We have presented the results of an investigation into positive VOT of stops in a real- and apparent-time sample of naturally-occurring spontaneous speech from female speakers of Glaswegian vernacular. Our study was motivated by two reasons. First, there is rather little information about VOT in spontaneous – and vernacular – speech, despite the fact that VOT is otherwise an extremely commonly investigated aspect of stop production. Second, the few existing findings on Scottish English have suggested a possible lengthening in progress over the twentieth century, especially for voiceless stops. To be able to carry out a feasible study, we also wanted to develop a fast, reliable method of measuring VOT from casual spontaneous speech. We structure the discussion of our results by considering the evidence bearing on our two research questions, but begin by considering our methodology.

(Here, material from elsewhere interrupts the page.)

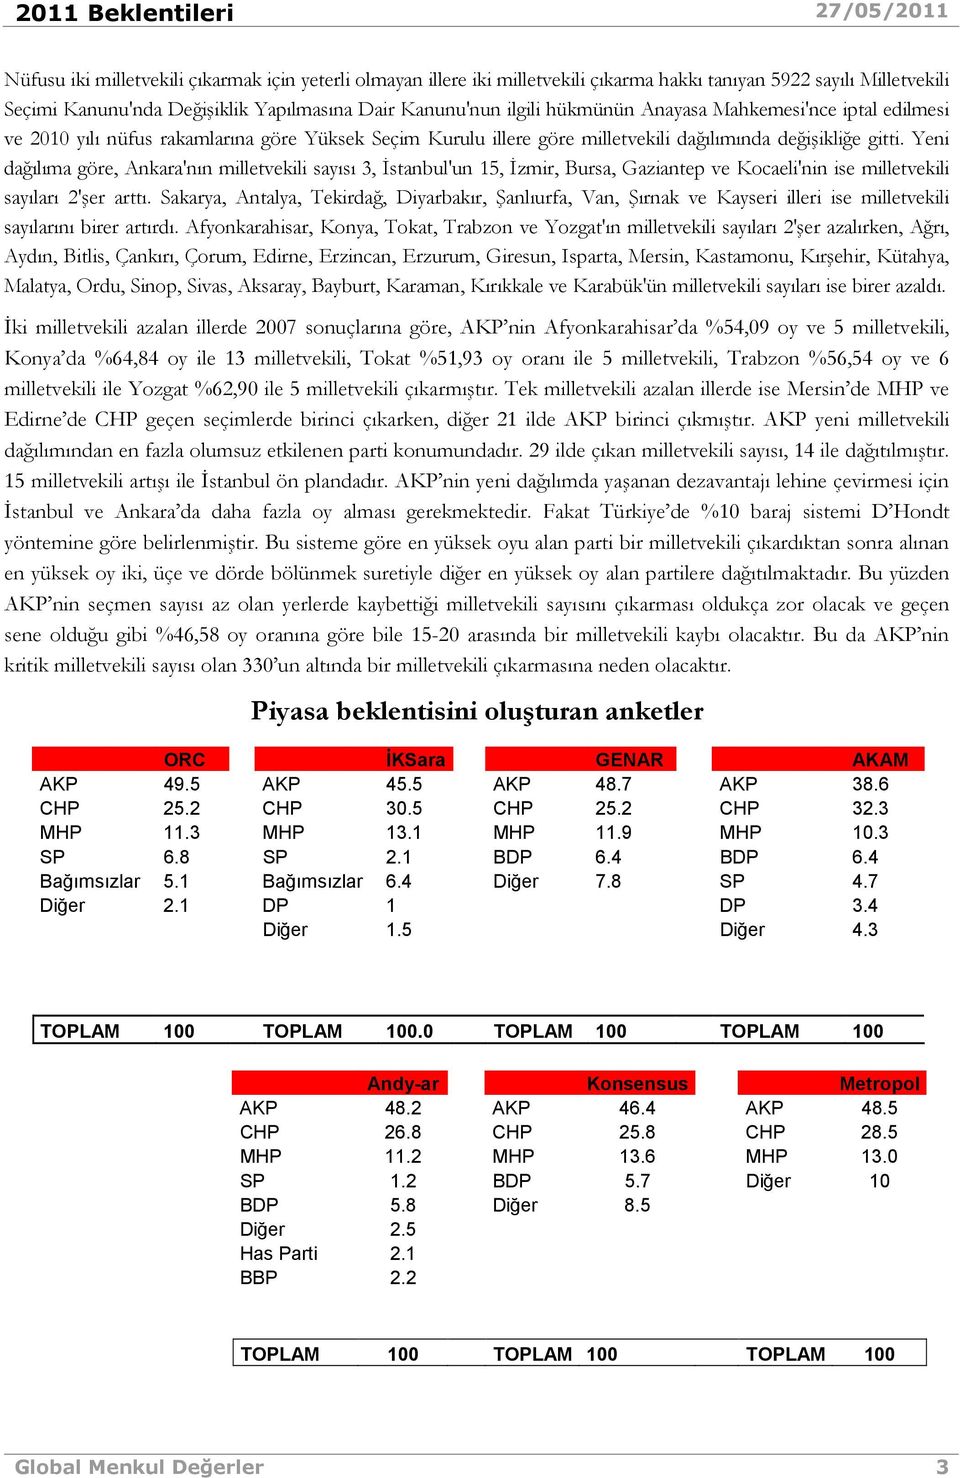 Yeni dağılıma göre, Ankara'nın milletvekili sayısı 3, Đstanbul'un 15, Đzmir, Bursa, Gaziantep ve Kocaeli'nin ise milletvekili sayıları 2'şer arttı.

6.1 Methodology – using AutoVOT to measure VOT in spontaneous speech
We developed a semi-automatic procedure to process large numbers of reliable VOT measures, using the Auto-VOT algorithm developed by Sonderegger and Keshet (2012). It was trained on an initial set of some 500 hand-measured tokens, applied to the force-aligned data, and then the algorithm’s VOT predictions when applied to the full dataset were manually checked. This method worked well because it yielded large numbers of phonetically good VOT measures much faster than our previous experiences of analyzing aspects of natural speech from sociolinguistic corpora. Also, we were pleased to find no statistical effect of individual annotator. Four different phoneticians acted as annotators, including one who joined the study after almost half of the speakers’ data had been corrected. This shows that, using our method, swift correction can easily be transferred to a new annotator, without introducing bias into the analysis.
The overall performance of Auto-VOT on the Glaswegian corpus was good and similar to the results presented in Sonderegger and Keshet (2012), who carried out an evaluation of the performance of the algorithm on four different datasets comparing it to that of human transcribers for the same data. The results for the two datasets closest to our sample are the Switchboard corpus of American speech and the Big Brother UK dataset of spontaneous British speech; for both corpora, VOT detection windows were placed manually, rather than using force-aligned segment boundaries. The proportion of VOT measures that agree to within 10 ms between independent human transcribers is 70% and 74% for the two datasets, and 68% and 74% for the comparison of a human transcriber with Auto-VOT.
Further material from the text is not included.